It turns out that these exact conditions allow us to carry out an invalid-curve attack. You can read more about what an invalid-curve attack is in “Guide to Elliptic Curve Cryptography” by Hankerson, Menezes and Vanstone on page 182. Also read a recent CVE-2019–9836 describing this attack in a practical setting (this was the second hint for this challenge).

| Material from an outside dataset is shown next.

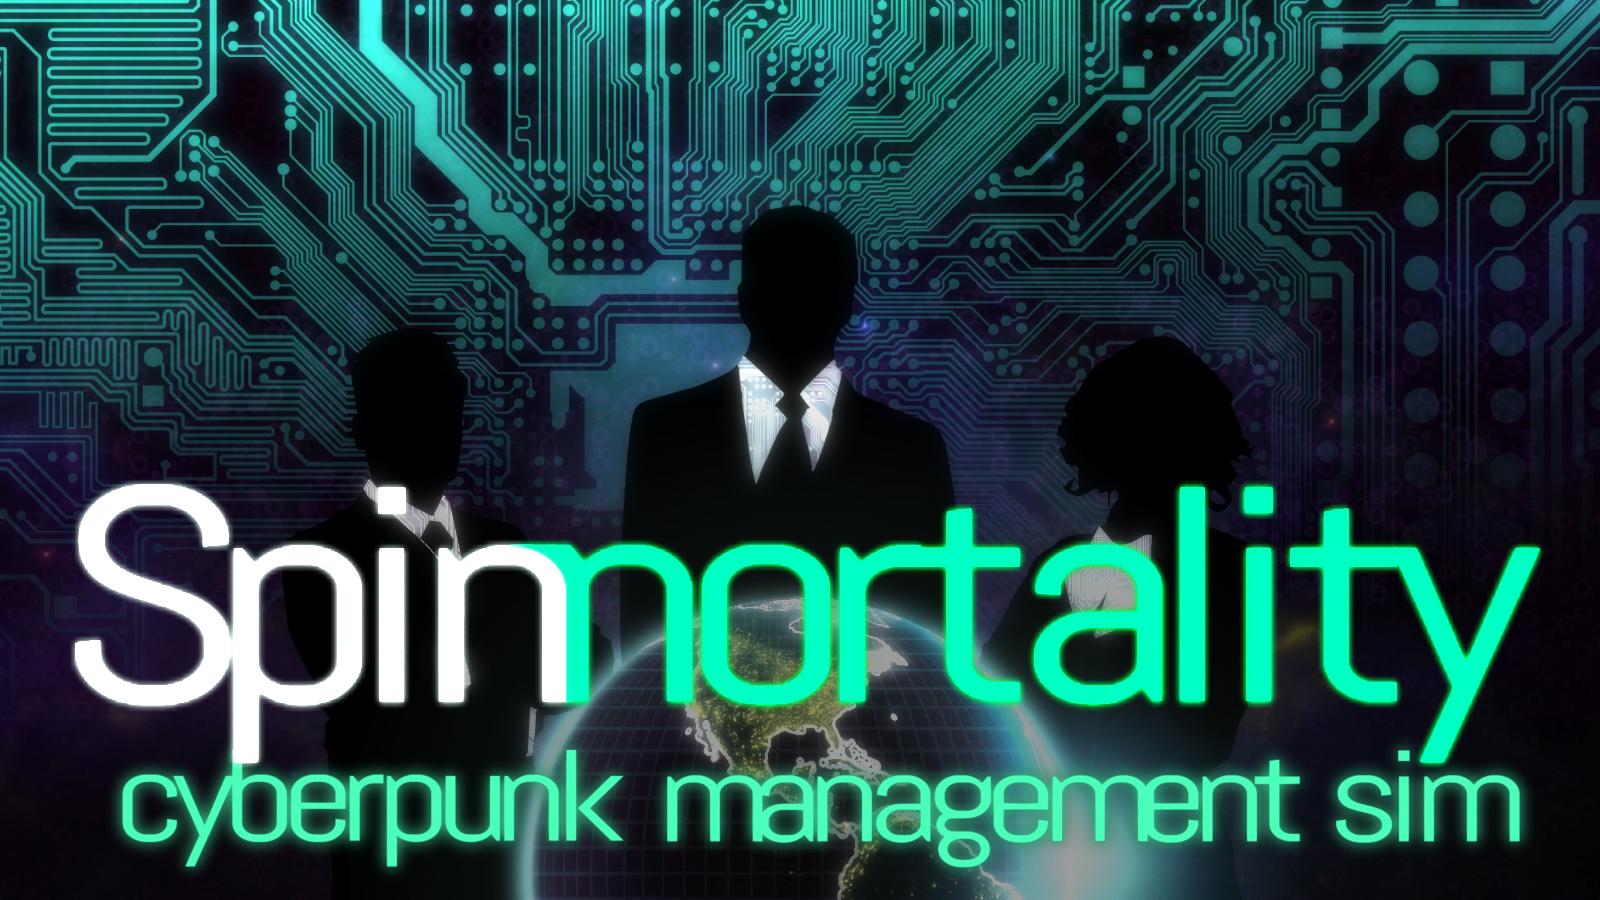 This cyberpunk sim took 3 years to make.

The gist of the attack: if we can make the node compute shared secrets from low order points of relatively prime order, and can find results of these computations, we can recover the secret using the Chinese Remainder Theorem (CRT). To be more specific, we need the product of all low order points to be greater than the private key in order for the recovered key to be unique (thus, match the private key). If we calculate the product of the order of all points in `pub_key_points`, we can in fact see that this number doesn’t fit in 160 bits, thus has to be larger than the private key used with brainpoolP160r1 curve.

**Input:**

product = 1

for point in pub_key_points:

product *= point_order(point)

from math import log2

log2(product)

**Output:**

175.1126248794482 # the product occupies 176 bits in binary representation

First, we need to be able to use the CRT. There are many resources on how CRT works, so you can read those if you are curious about math behind it. For solving this problem, I copied the CRT implementation from Rosetta Code.

We are now ready to perform the attack! The main idea behind this is the following:

- We know that multiplying a low order point by a very large scalar (the private key) will result in a point of the same low order (the shared secret).
- We can calculate the smallest possible scalar that, when multiplied by the public key, will result in the same low order shared secret.
- We can do that by simply trying all possible scalars that are smaller than the order of the public key.
- By bruteforcing the smallest possible scalar that gives us the shared secret when multiplied by the public key, we can construct a system of simultaneous congruences in the exact format that is suitable for applying the CRT. Since the product of all relatively prime orders is greater than the private key we are looking for, the result of applying the CRT is unique.

**Input:**

v = [] # can think of values in this list as the minimum number of EC additions of E_hat to itself to get shared_secret

moduli = [] # prime moduli of the system

print(“Constructing a system of simultaneous congruences:”)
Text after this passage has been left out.